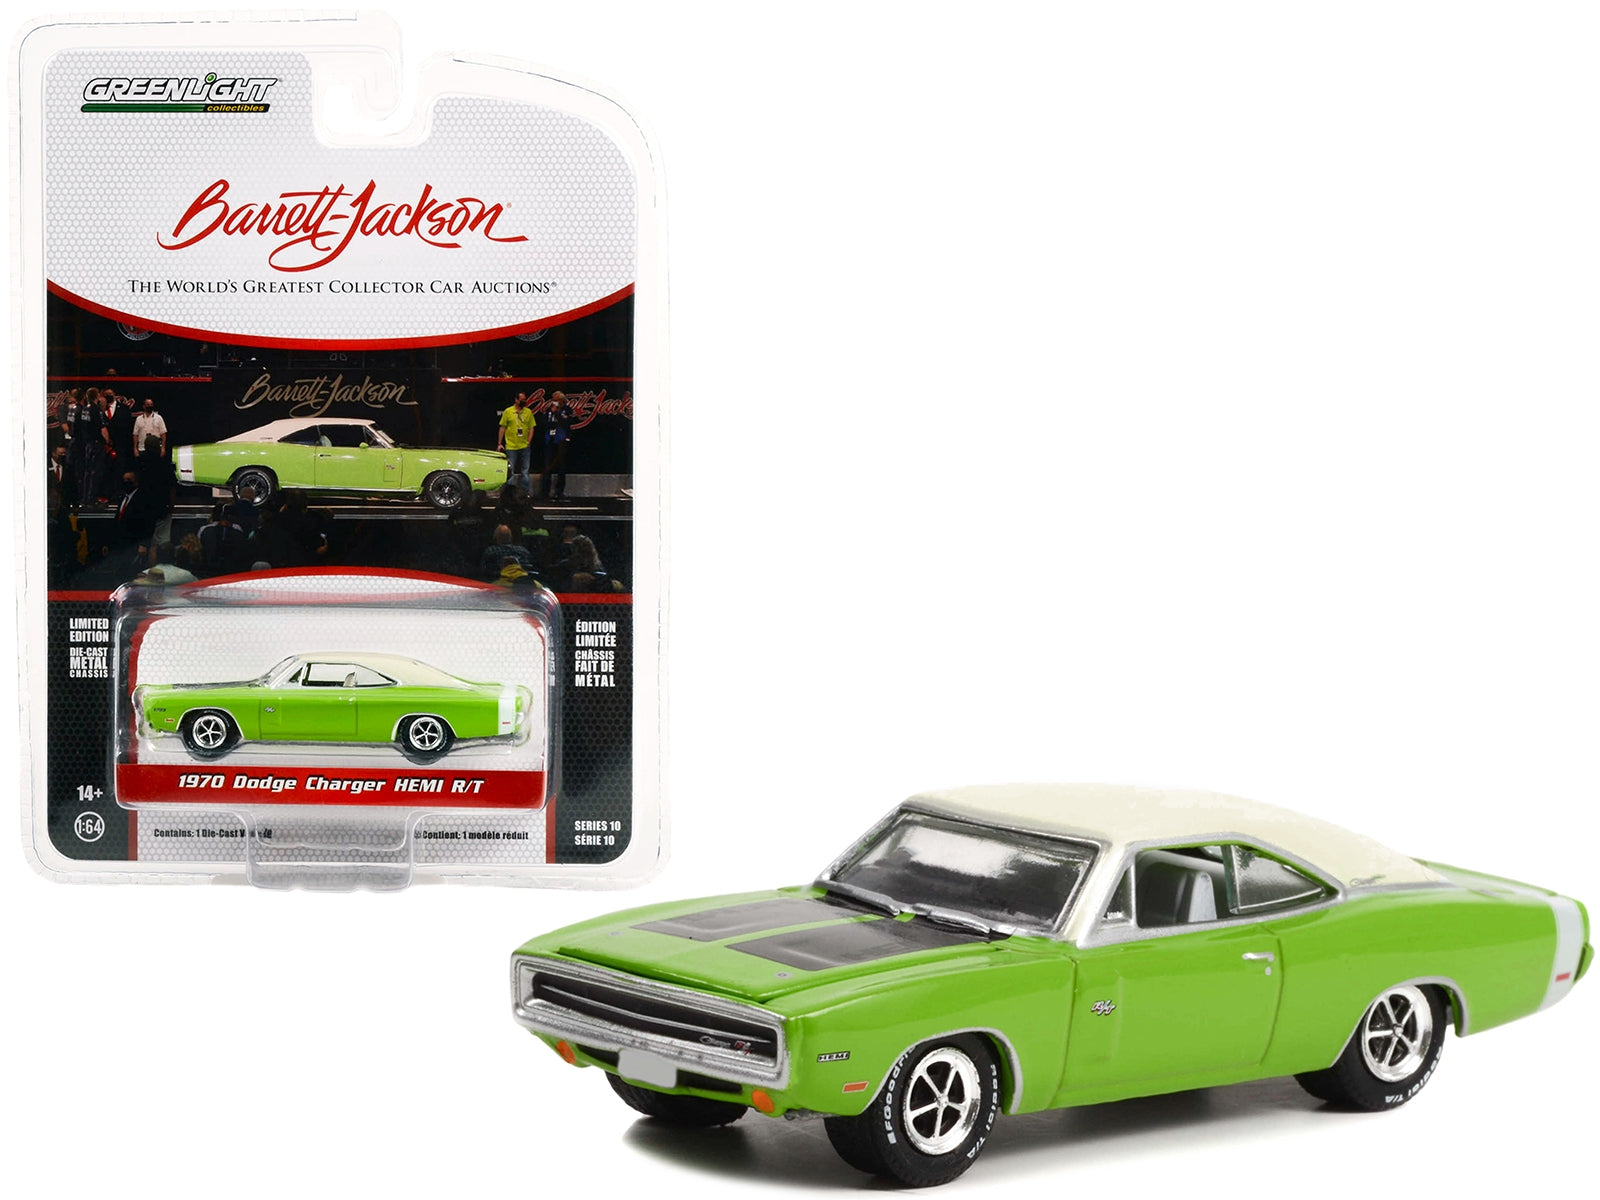 1970 Dodge Charger HEMI R/T Sublime Green with White Roof and White Tail Stripe (Lot #777) Barrett-Jackson 'Scottsdale Edition' Series 10 1/64 Diecast Model Car by Greenlight
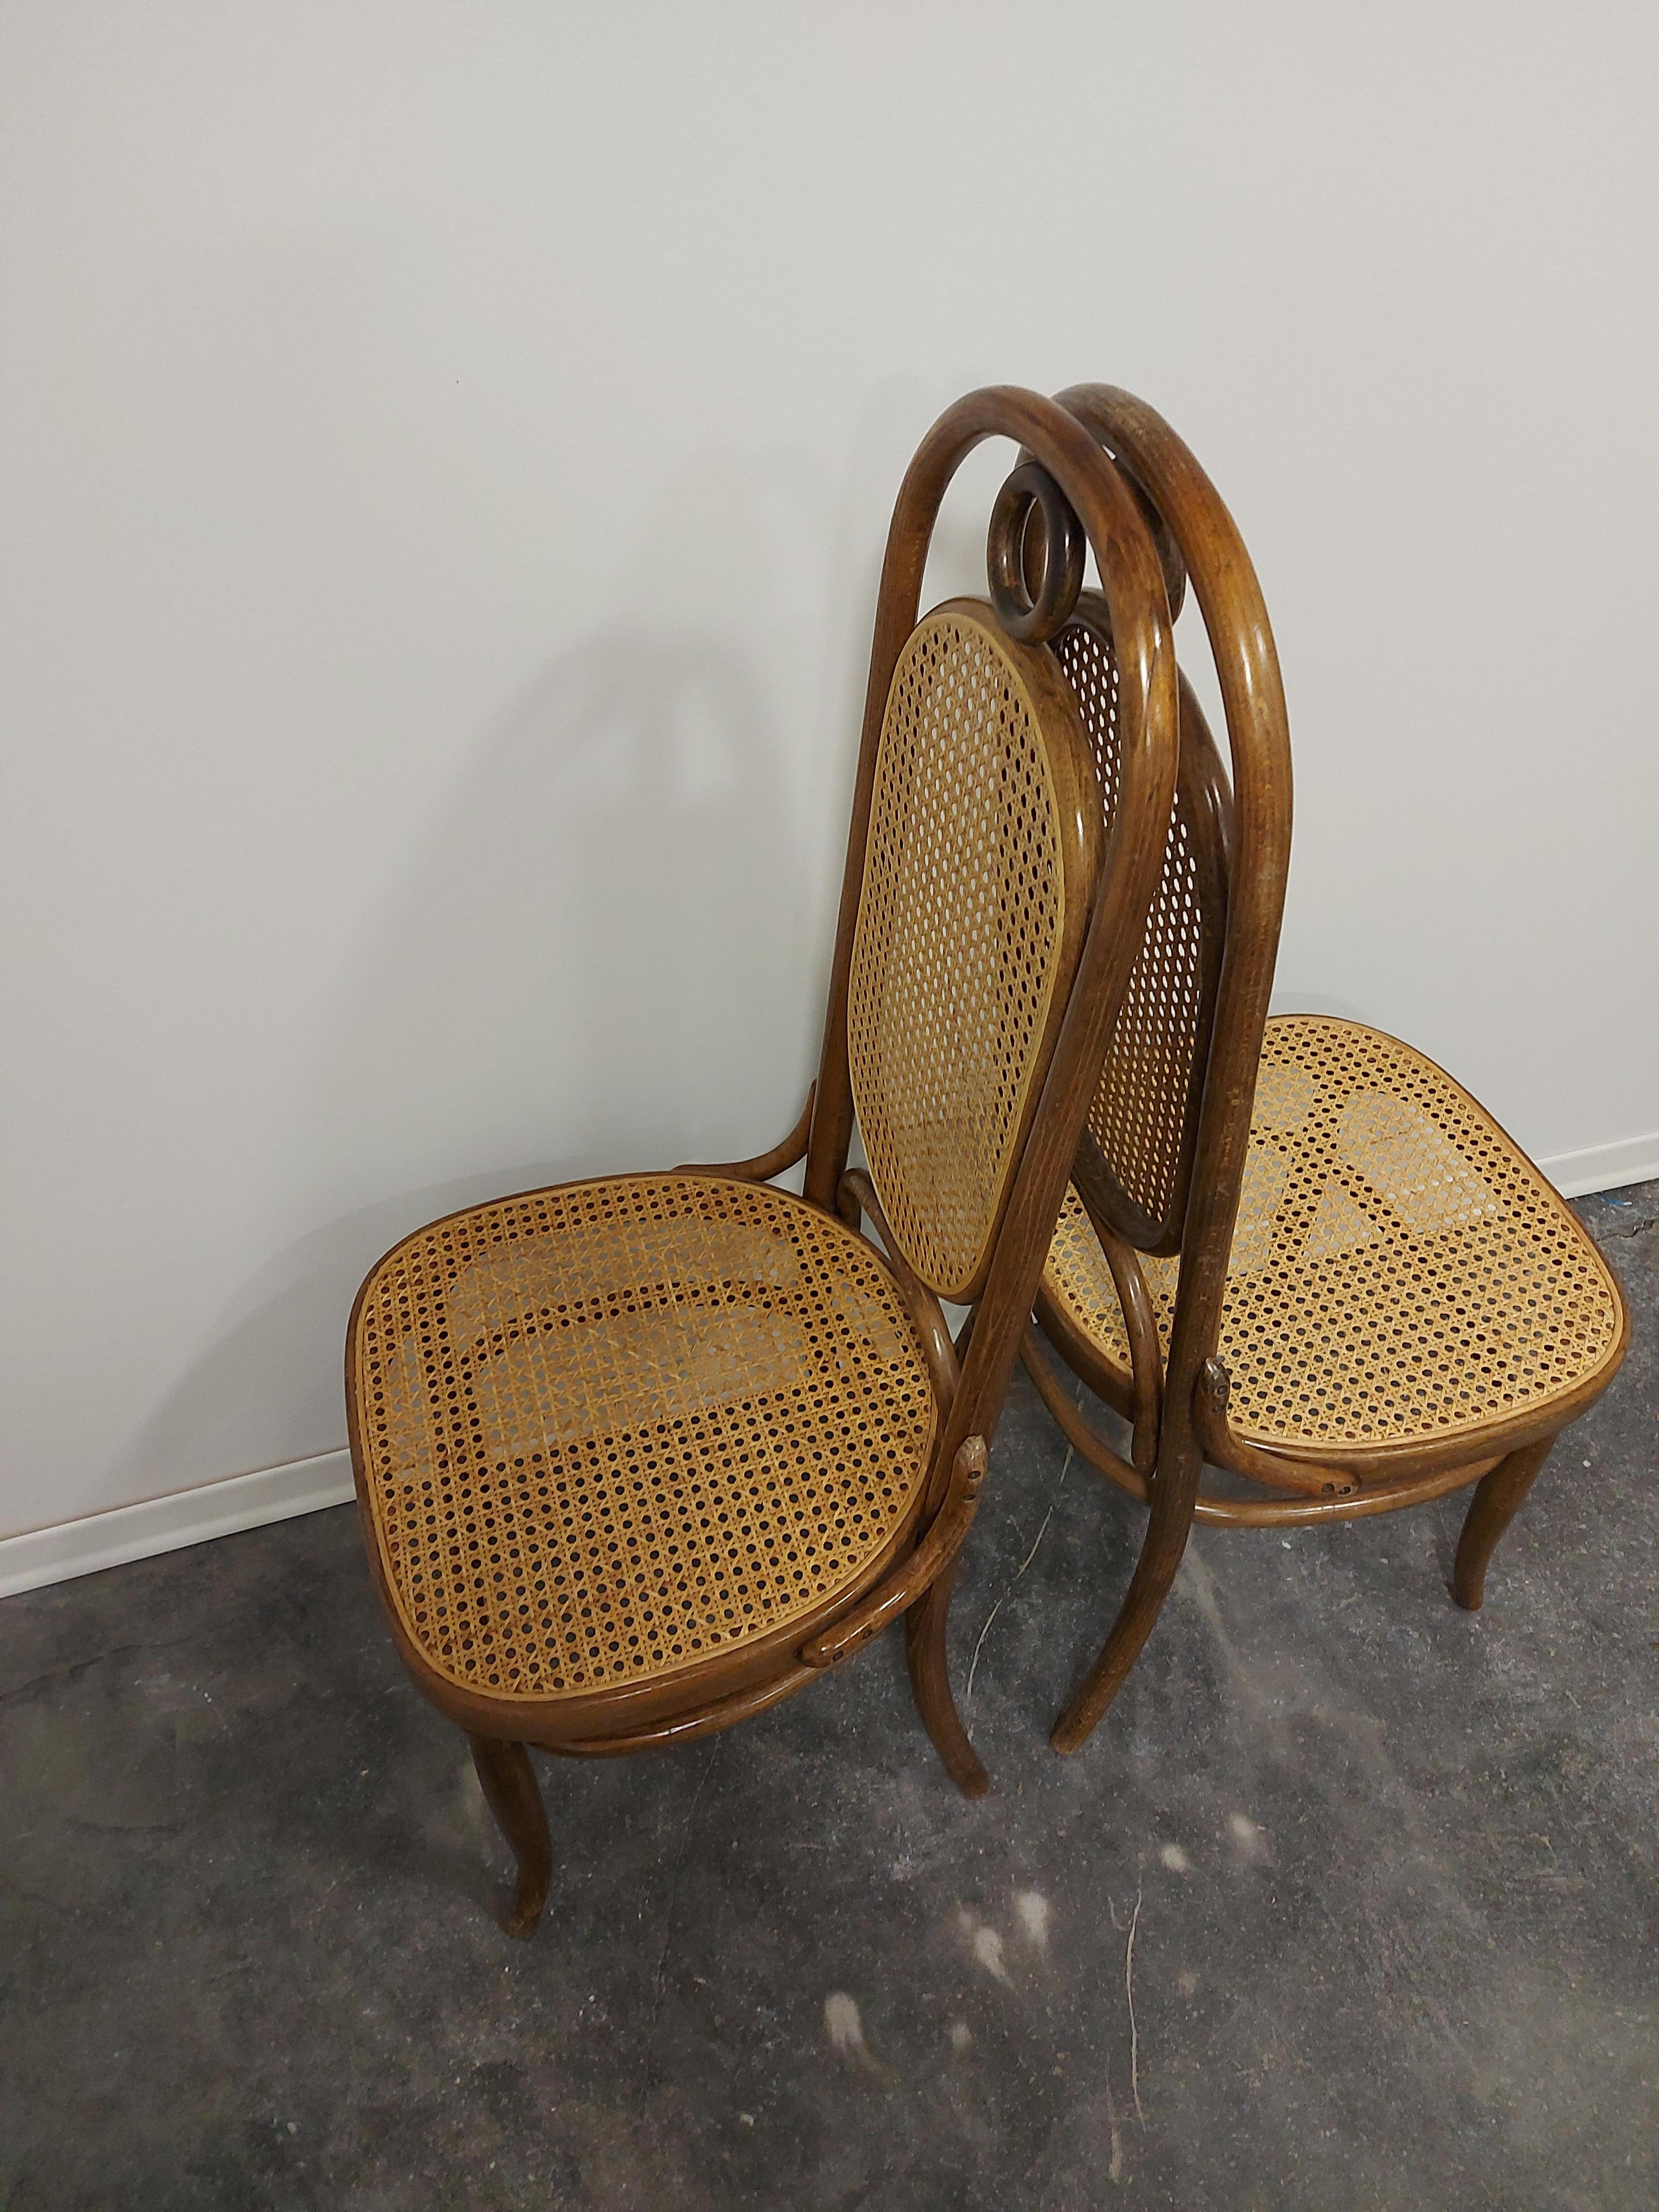 Dining Chairs, Bentwood, M 17, High Back, 1 of 6 For Sale 3
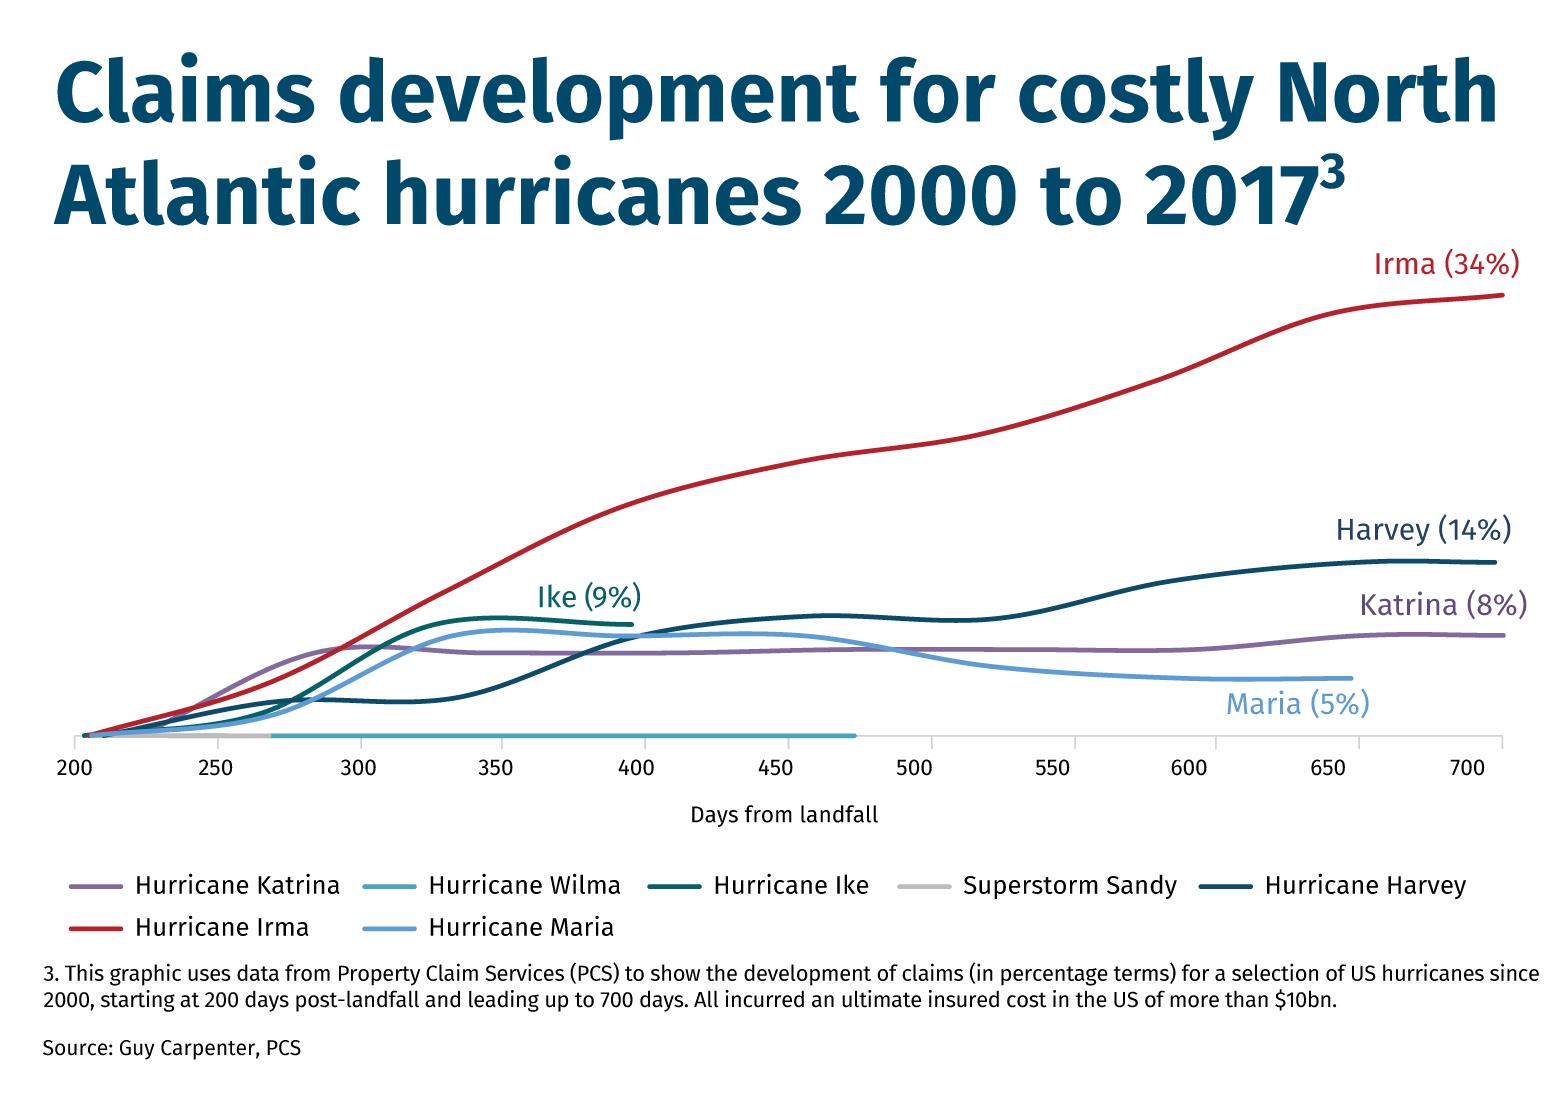 Claims-development-for-costly-NorthAtlantic-hurricanes-2000-to-2017
##############################
> [Work order]:
In the listing, find the line containing "Dining Chairs, Bentwood, M" and repeat it and every later line through the last one, word for word, excluding the pictures.

> [Expected answer]:
 Dining Chairs, Bentwood, M 17, High Back, 1 of 6 For Sale 3
 Claims-development-for-costly-NorthAtlantic-hurricanes-2000-to-2017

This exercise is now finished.